For instance, connecting with our previous example, let us assume that $s_1$ represents a market raise state and $s_2$ a market fall state, and $a_1$ and $a_2$ two financial products. We may purchase a financial report to guide our investment decision, at a cost. The report has a previous record of predicting 95% of the times a market fall correctly, that is $𝑃(𝑖_1│𝑠_1 ) = 0.95$ and consequently $𝑃(𝑖_1│𝑠_2 ) = 0.05$. The record also tells us that the forecast is right 90% of the time when the market falls, therefore $𝑃(𝑖_2│𝑠_2 ) = 0.9$ and $𝑃(𝑖_2│𝑠_1 ) = 0.1$. With these values, we can calculate the revised probabilities and solve the tree to determine whether to incorporate the report or not.

### Value of Perfect Information
The previous section described how to calculate the value of a decision tree after incorporating additional information, which may come at a cost. An obvious question that arises is, how much should the decision maker be willing to pay for additional information? This quantity is known as the Value of Perfect Information. Perfect Information is an abstract concept that represents information that would make the occurrence of a state of nature certain. For instance, a forecast report which can tell us with total certainty which is going to be the trend of the market in the future. Obviously, this type of forecast does not actually exist in reality, but we can model its effect in the decision tree and solve it to calculate its final value. The **Expected Value with Perfect Information (EVPI)** is the expected final value of the tree given that we had perfect information. It is also an abstract concept to assess the value of the decision-making problem with access to perfect a priori information. 
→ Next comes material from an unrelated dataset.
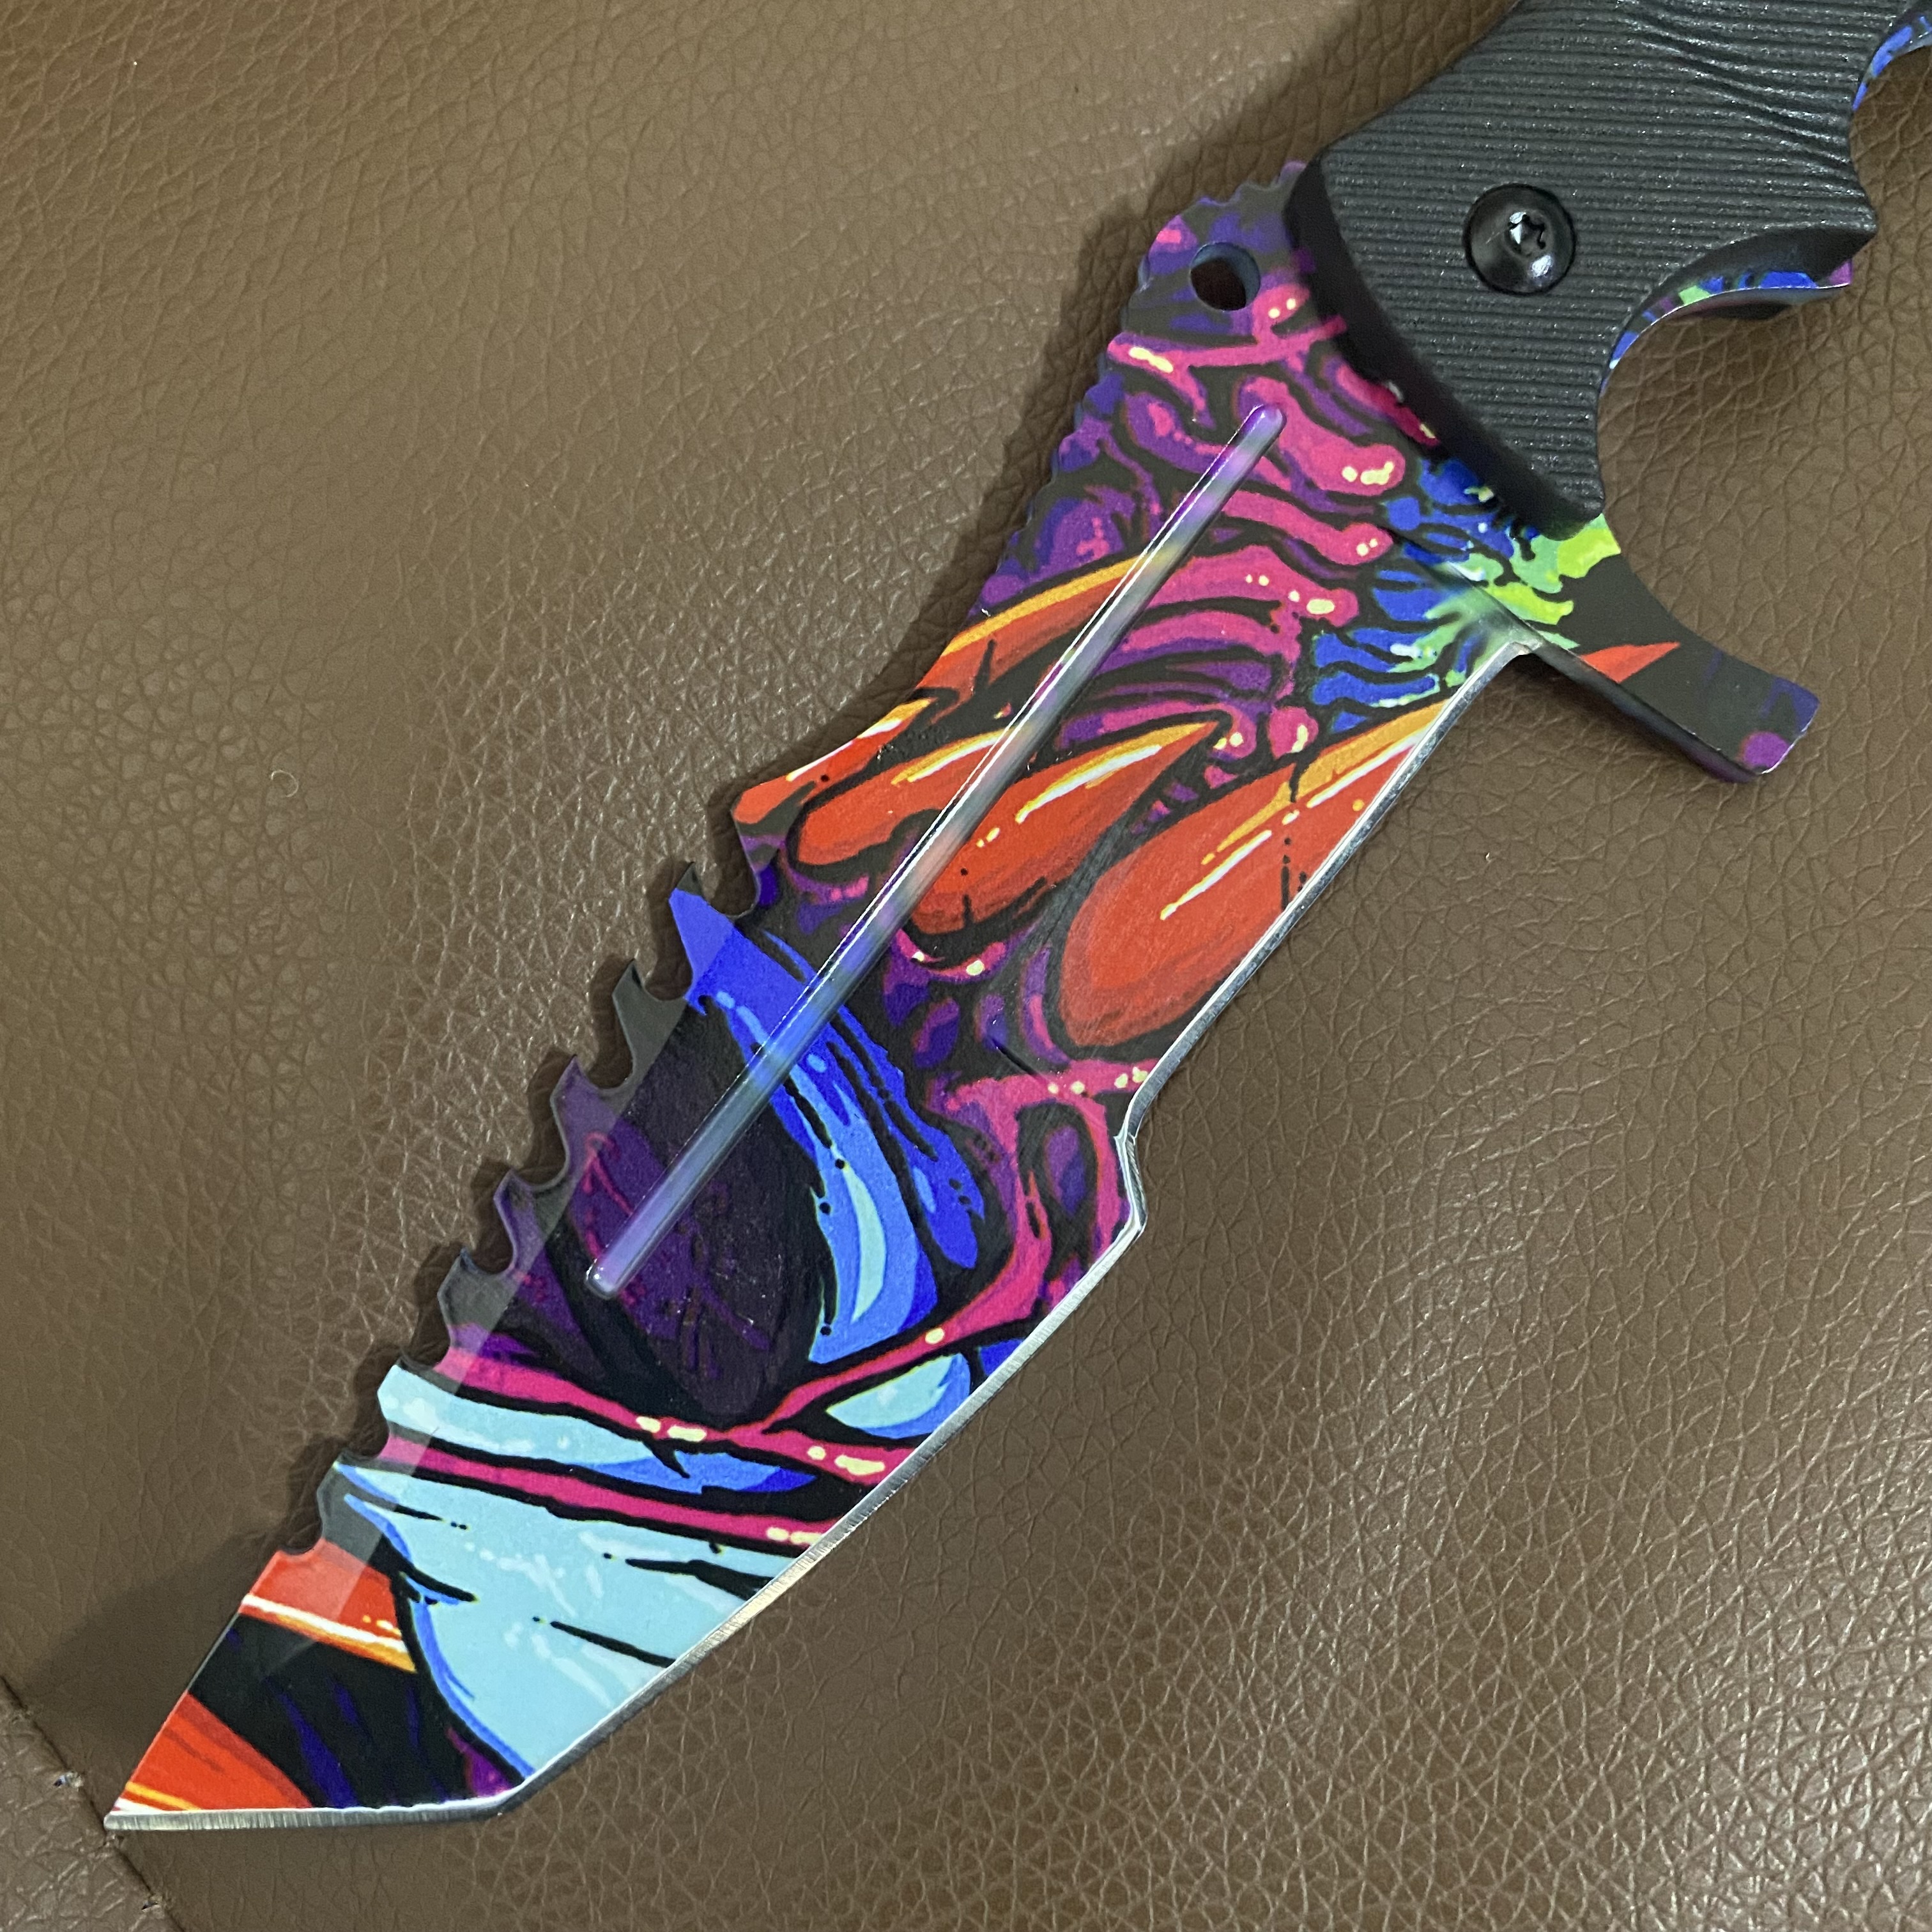 

real Counter Strike Hyper beast csgo huntsman knife Hunting Camping knifes Survival Tactical knifess Outdoor knives Fixed Blade fishing knife hiking garden tools

For instance in the example above, perfect information means that the forecast report is always right, and therefore we can plug in $𝑃(𝑠_1│𝑖_1 )=1$ and $𝑃(𝑠_2│𝑖_2 )=1$ since we know that the information about the states of the report is always right, and since it is always right, then also this means that $𝑃(𝑠_1│𝑖_2 )=0$ and $𝑃(𝑠_2│𝑖_1 )=0$. This simplifies the tree and the value of the node with additional information becomes:

$\text{EVPI} = P(s_1)*\max(v_1, v_3) + P(s_2)*\max(v_2, v_4)$

Since this is the maximum value of that node provided that we had perfect a priori information, we can compare the EMV that we obtain solving the report to the EVPI to see how close we are to perfect information. This difference is known as the **Value of Perfect Information (PVI)$:

$\text{VPI} = EVPI- EMV$